To be a victim of a war crime, the alleged victim must be a protected person under one of four categories of the Geneva Conventions (GC). GC I, II, and III apply to military troops.  GC IV applies to civilians and unlawful combatants.  For example, the Conventions agreed upon in 1949 added protections for military chaplains, medical personnel and facilities, as well as wounded and sick civilians traveling with the military.  In 1977, protections were added for journalists.

Prosecution for war crimes requires the existence of an armed conflict—a declared war is not necessary.  The perpetrator must also be aware of the conflict.  However, ignorance of the specific provisions of the Laws of Armed Conflict, the rules, is not a defense for the commission of war crimes.  A person need not be aware of the Geneva Conventions to be charged, tried, and found guilty of a war crime.

The specific possible violations of the laws of war are a rather long and detailed list.  If reports are accurate, Russia is guilty of many of these.  The forbidden acts in a war include torture, mutilation, rape, biological experiments, and unlawfully deporting or transferring people impacted by the conflict.  Intentionally targeting civilians, non-combatants, peacekeepers, and humanitarian aid workers are clear, stated violations.  In war, all sides must make good faith efforts to provide and honor safe passage for civilians to flee the affected area or provide for those who cannot flee by allowing the Red Cross and other non-combatant agencies access to care for the civilians. 

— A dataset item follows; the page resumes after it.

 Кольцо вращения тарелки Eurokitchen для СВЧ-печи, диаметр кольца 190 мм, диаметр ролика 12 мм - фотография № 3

Intentionally killing or wounding lawful combatants (soldiers) after they have surrendered is against the laws of war.  Intentionally attacking civilian facilities such as schools, hospitals, and churches is a violation—unless the building is being used by the enemy to actively engage in combat.  Intentionally firing on ambulances, clinics, or hospitals is also against the law—as well as trying to sink hospital ships—provided that such facilities are not being used by the enemy for combat purposes.  Under these international agreements, all sides are required by law to rescue those who are shipwrecked in a conflict.

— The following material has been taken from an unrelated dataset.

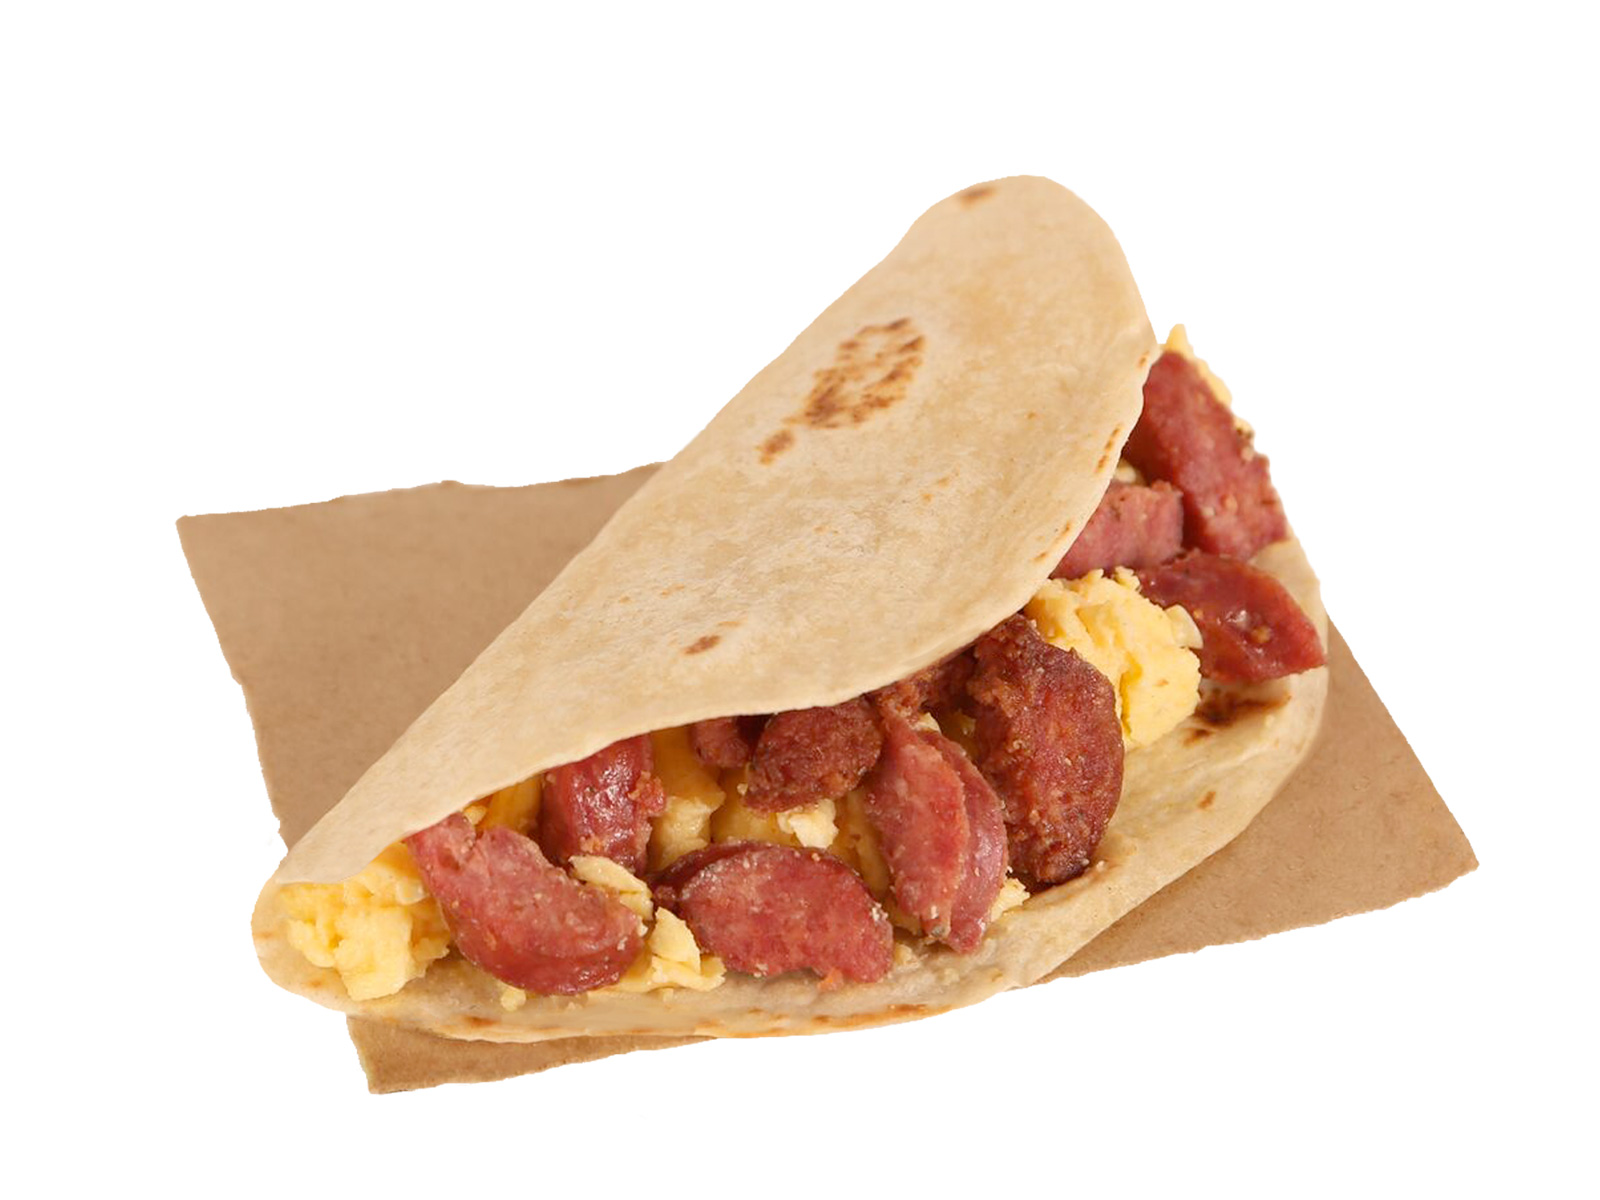 Sausage and Egg Taco

The rules of war dictate what can and cannot be done in a conflict.  They aim to protect civilians and others who are not fighting in the conflict and to place limits on the brutality and violence that is a part of war.  It sets limits on weapons and tactics.  It forbids certain categories of people and buildings as legitimate targets. 

Sometimes war is required to protect human rights, freedom, or national sovereignty.  War, always regrettable, is sometimes necessary.  But contrary to the familiar adage, all is NOT fair in love and war.

The purpose of the rules in an armed conflict is to take what is incredibly violent and horrible—shocking to the human eye and to the conscience—and place limits on the actions by all parties involved.  War is ugly and cruel.  By design, people are killed and wounded.  Others are displaced or taken captive.  That is the nature of war.  But because war is so horrible, there must be limits.

What is going on in Ukraine is beyond the pale.  It must stop. There is clear evidence that Russian forces have intentionally targeted civilians, intentionally targeted protected facilities not being used for combatant purposes (like hospitals and churches), and intentionally terrorized civilians.  Those who commit such atrocities must be held accountable by the international community and by all civilized people and nations.